On April 7, 2026, Anthropic announced Claude Mythos Preview, a new general-purpose AI model that the company describes as one of the most capable language models ever built. Unlike every other major AI model release in recent years, Anthropic chose not to make it publicly available. The reason, the company says, is that the model is too dangerous to release without significant safeguards in place.
This is a rare position for an AI company to take. The last comparable instance was OpenAI's decision not to release its GPT-2 model in full in 2019, a decision that was widely criticised at the time as overcautious. Whether Anthropic's decision with Mythos is similarly overcautious or genuinely warranted has become one of the most debated questions in the technology and security communities in the weeks since the announcement.
What Mythos Can Do
Mythos is a general-purpose model, meaning it performs across a wide range of tasks. Anthropic reports it scores significantly higher than its previous leading model, Claude Opus 4.6, on mathematical reasoning, long-context comprehension, and software engineering benchmarks. On the 2026 US Mathematical Olympiad, a rigorous two-day proof-based competition, Mythos scored 31 percentage points higher than Opus 4.6.
The capability that drew the most attention, however, is cybersecurity. According to Anthropic's own technical reporting on its red team site, Mythos Preview can identify and autonomously exploit zero-day vulnerabilities, meaning previously unknown security flaws, in real software. The company says its testing found vulnerabilities in every major operating system and every major web browser.
The model does not simply identify these vulnerabilities. It constructs working exploits from them, sometimes chaining multiple vulnerabilities together in sequence to bypass security protections. In one documented case, Mythos wrote a web browser exploit that chained four separate vulnerabilities, including a complex technique that escaped both the browser's renderer sandbox and the operating system's security layer. Engineers with no formal security training were able to generate complete, working exploits using prompts that amounted to little more than simple natural language instructions.
Of the vulnerabilities found during testing, Anthropic says over 99 percent remain unpatched as of publication, which is why the company has disclosed only a fraction of what it says it has discovered.

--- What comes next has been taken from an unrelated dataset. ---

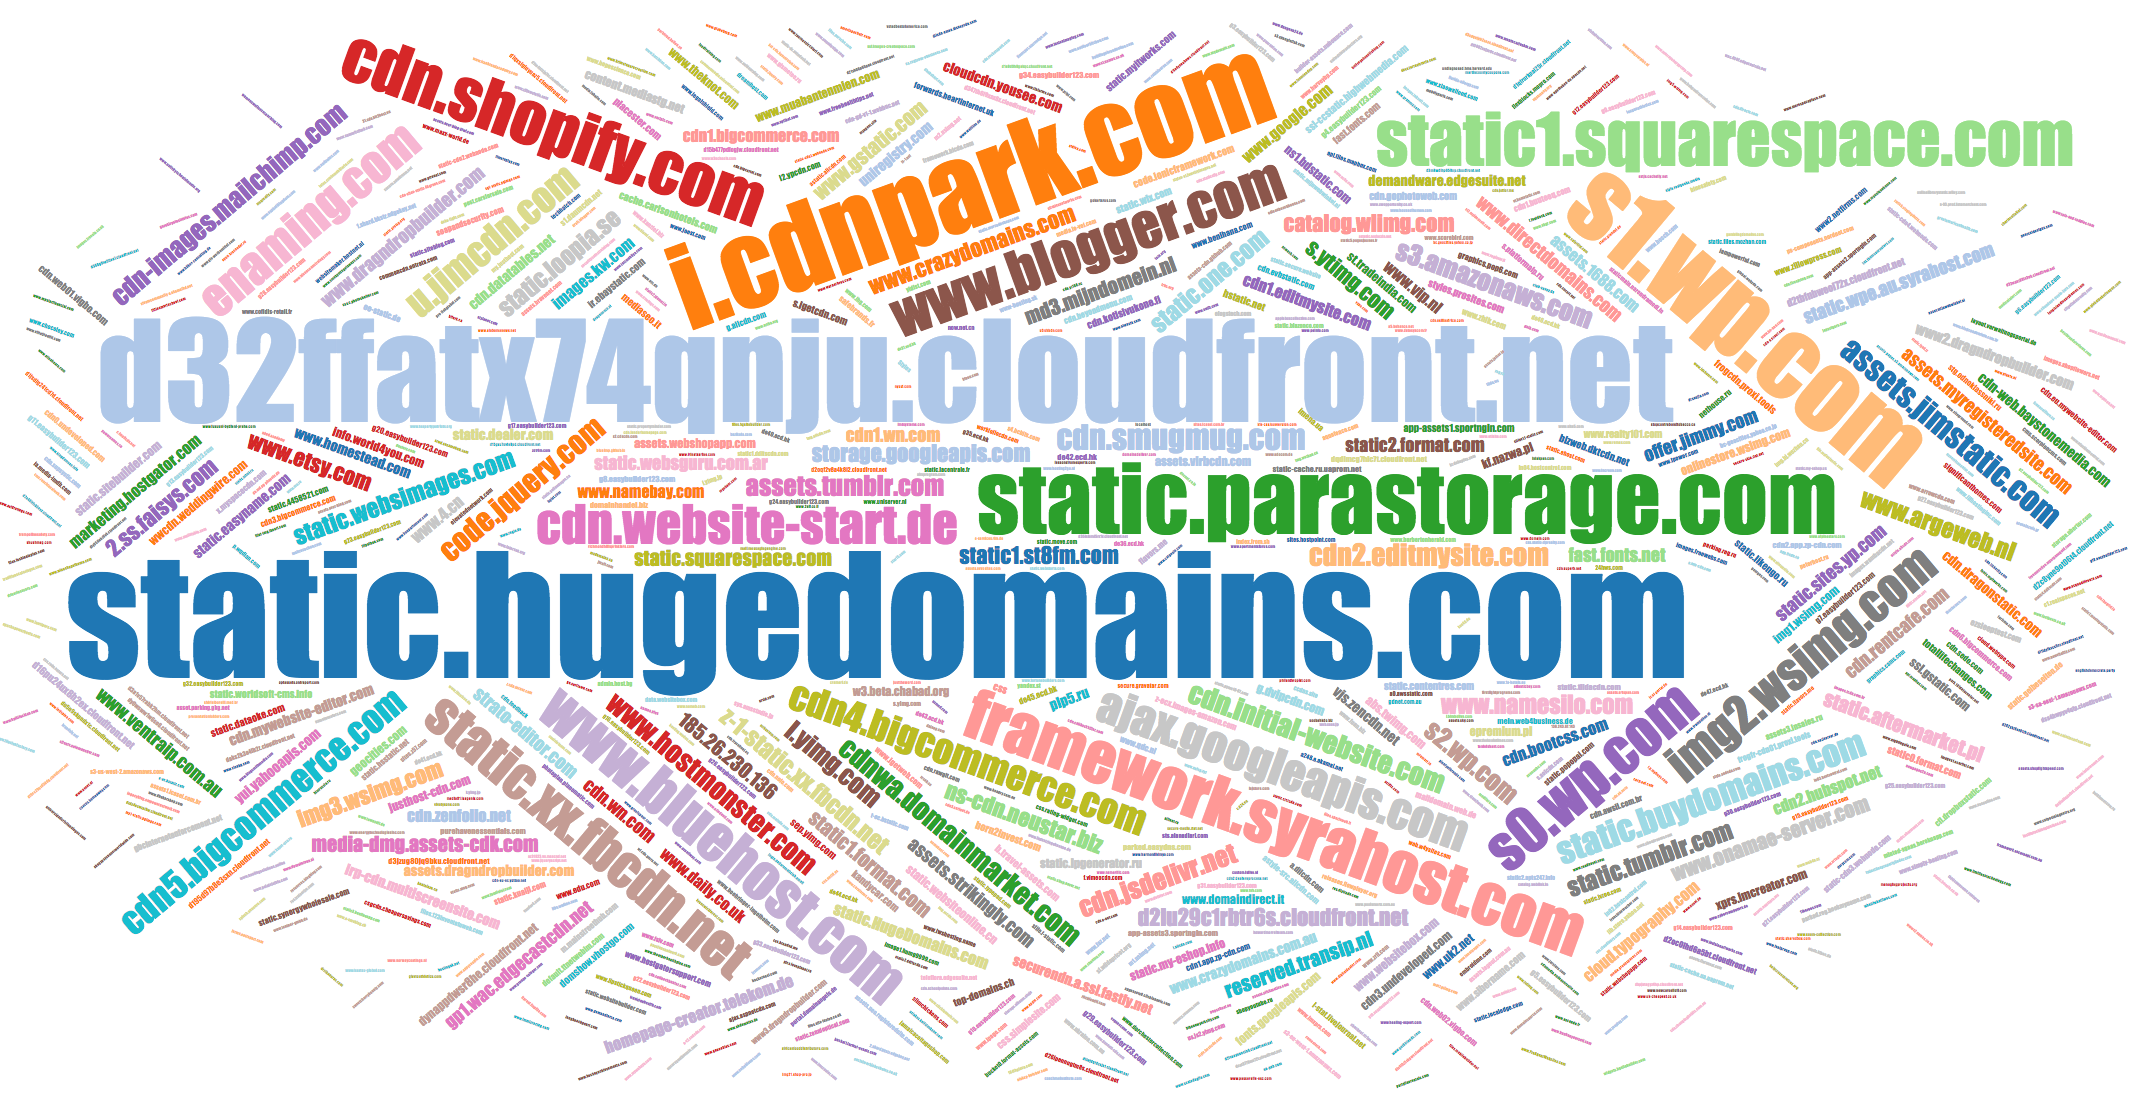 Popular names of CSS domains maxcdn.bootstrapcdn.com, marketing.hostgator.com, etc.
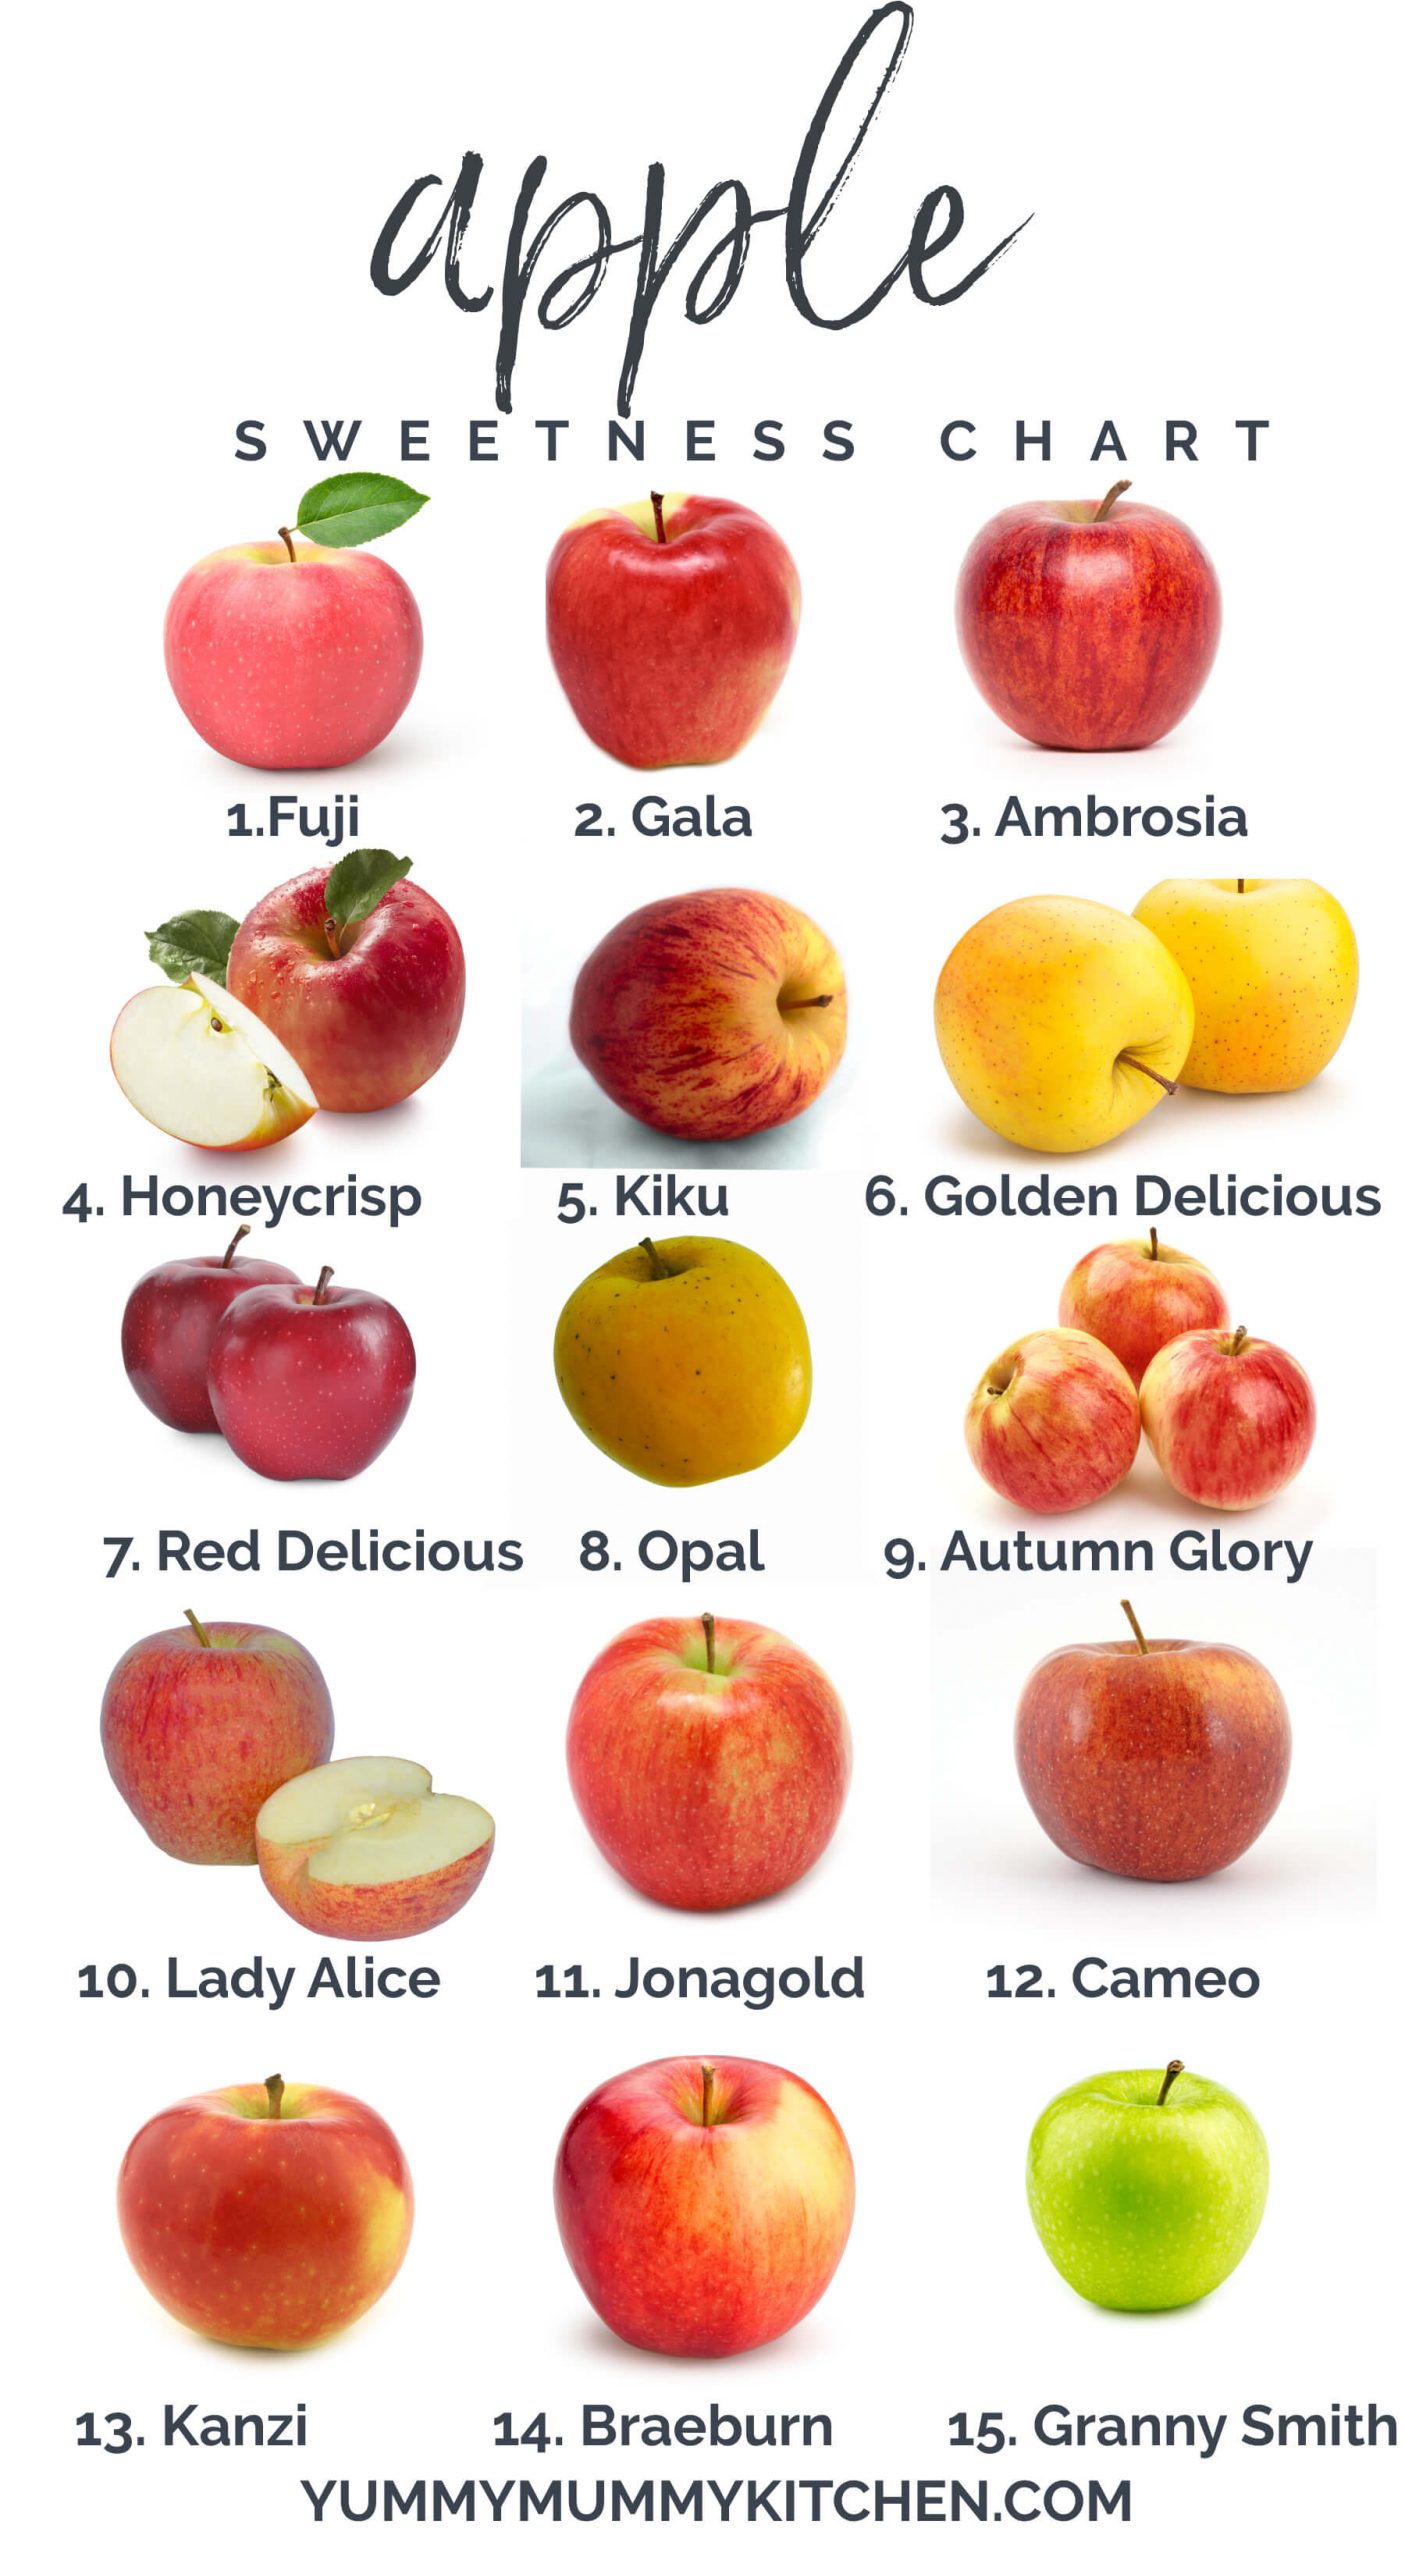 https://www.yummymummykitchen.com/wp-content/uploads/2021/09/apple-sweetness-chart-1-scaled.jpg

Project Glasswing: The Restricted Access Initiative
Rather than a public release, Anthropic launched what it calls Project Glasswing. This is a coordinated effort to deploy Mythos in a controlled way with a small group of organisations focused on defensive security work.
The project includes some of the largest technology and financial companies in the world. Microsoft, Google, Amazon, NVIDIA, JPMorgan Chase, and CrowdStrike are among those given monitored access to the model. The stated goal is to use Mythos to find and fix vulnerabilities in critical software before malicious actors, including state-level adversaries, can discover and exploit them independently.
Anthropic has also granted access to over 40 organisations that build or maintain critical software infrastructure. The company is committing up to $100 million in usage credits for Glasswing partners. The UK's AI Security Institute and the US Cybersecurity and Infrastructure Security Agency have both been briefed on the model's capabilities. Palo Alto Networks, a cybersecurity partner in Glasswing, described the model as a game changer for uncovering hidden software defects.
What Independent Testing Found
Anthropic's claims are significant and have been partially corroborated by independent evaluation. The UK's AI Security Institute, which was granted early access to the model, published its own assessment. It found that Mythos succeeded in expert-level hacking tasks 73 percent of the time. The AISI noted that prior to April 2025, no AI model could complete those same tasks at all. This represents a meaningful threshold crossed in a short period.
The independent assessment suggests the capabilities are real but frames them as somewhat more bounded than Anthropic's own presentation implied. This distinction has fed ongoing debate within the security research community about whether the announcement was calibrated appropriately or involved an element of dramatic framing.
The Security Community's Divided Response
The reaction from cybersecurity experts has not been uniform, and representing both sides of the discussion fairly reflects the genuine uncertainty involved.
Some experts view Mythos as a watershed moment that changes the offensive capabilities available to attackers, including those operating on behalf of nation states. Former US National Cyber Director Kemba Walden wrote in Fortune that Mythos should be a clarion call to address weaknesses in critical infrastructure, describing the model's ability to discover vulnerabilities, build exploits, and cover its tracks as a combination that existing defences are not prepared for. The Bank of England said AI risk testing had intensified following the announcement, and German banks consulted authorities and cyber experts about the risks.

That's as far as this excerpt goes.